Quickstart (<= 8 commands)

# 1. Clone / navigate to project
cd fraud-detection-system

# 2. Create virtual environment and install
python3 -m venv .venv && source .venv/bin/activate
make install

# 3. Configure credentials
cp .env.example .env
# Edit .env and set KAGGLE_USERNAME + KAGGLE_KEY

# 4. Run the full pipeline
make pipeline

# 5. Launch dashboard
make dash
# Open http://localhost:8050

make pipeline runs: build-db -> ingest -> validate -> features -> train -> score


Environment Variables

Copy .env.example to .env and populate values as needed.

Variable Required Description
KAGGLE_USERNAME Yes Kaggle username
KAGGLE_KEY Yes Kaggle API key
DB_URL No SQLAlchemy URL (default: sqlite:///data/fraud_detection.db)
DASHBOARD_PORT No Dashboard port (default: 8050)
FRAUD_THRESHOLD No Probability cutoff override (default: 0.5; auto-selected at train time)
TOP_ALERTS_N No Number of top alerts exported (default: 100)
AMOUNT_MIN No Validation lower bound (default: 0.0)
AMOUNT_MAX No Validation upper bound (default: 1000000.0)
EMAIL_ALERTS_ENABLED No Enable SMTP alerts (true/false)
SMTP_HOST No SMTP host
SMTP_PORT No SMTP port (default: 587)
SMTP_USER No SMTP username / sender
SMTP_PASSWORD No SMTP password
ALERT_EMAIL_TO No Alert recipient

Security

Never commit .env.

The repository ignores .env, database files, and raw data artifacts.

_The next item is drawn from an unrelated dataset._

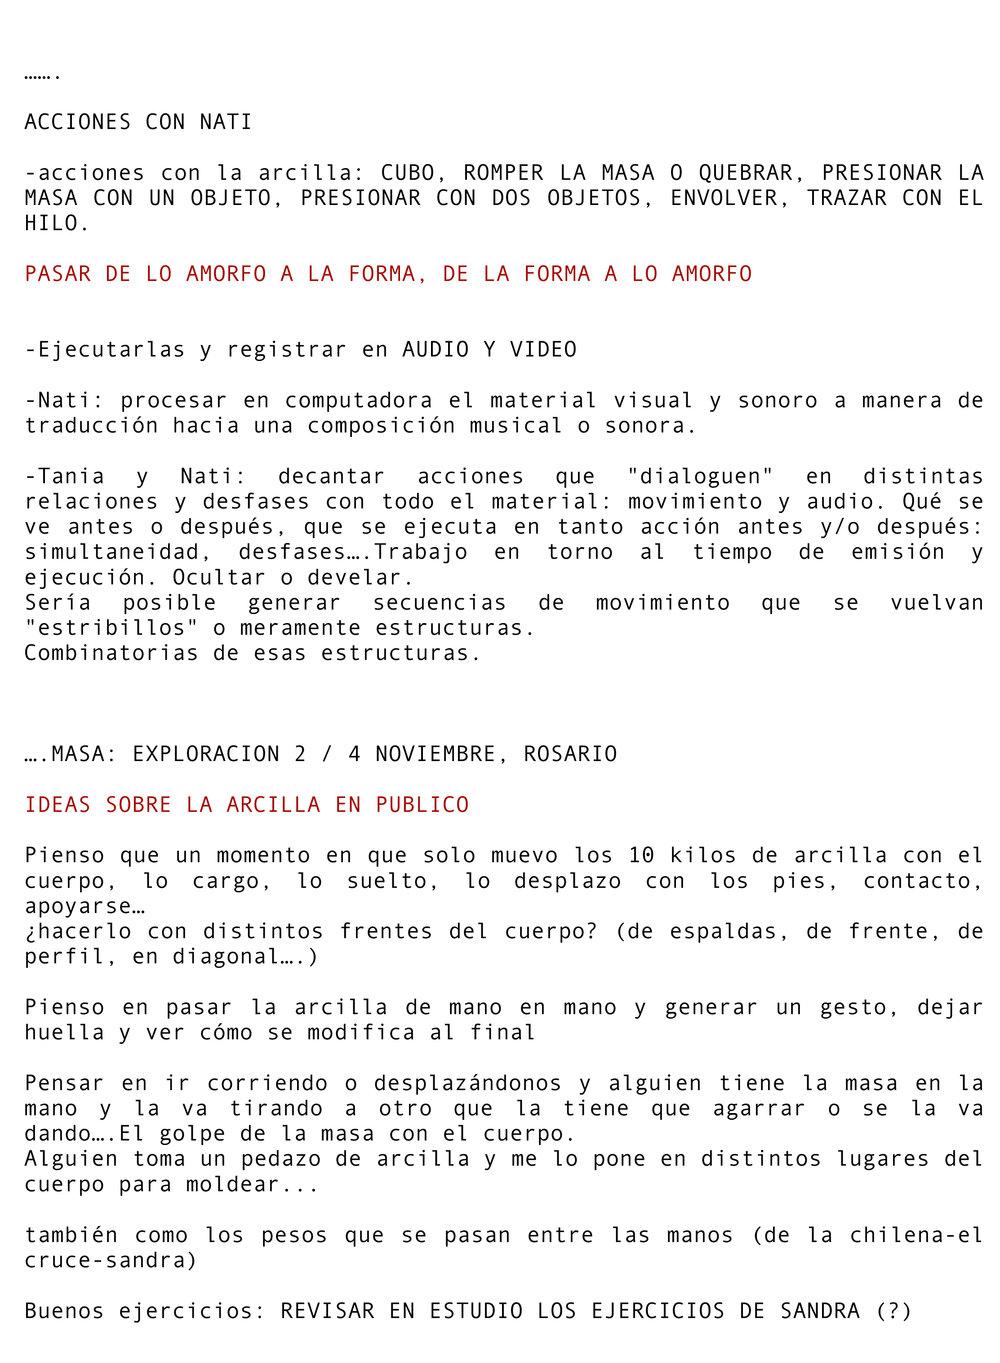 DIARIO_ARGENTINA-11.jpg

Setting Kaggle credentials

  1. Go to Kaggle -> Settings -> API -> Create New Token.
  2. Read username and key from kaggle.json.
  3. Export them or place them in .env:
export KAGGLE_USERNAME=your_username
export KAGGLE_KEY=your_api_key

KAGGLE_API_TOKEN compatibility note

If KAGGLE_API_TOKEN is set without KAGGLE_USERNAME and KAGGLE_KEY, the app warns and requires the two explicit variables.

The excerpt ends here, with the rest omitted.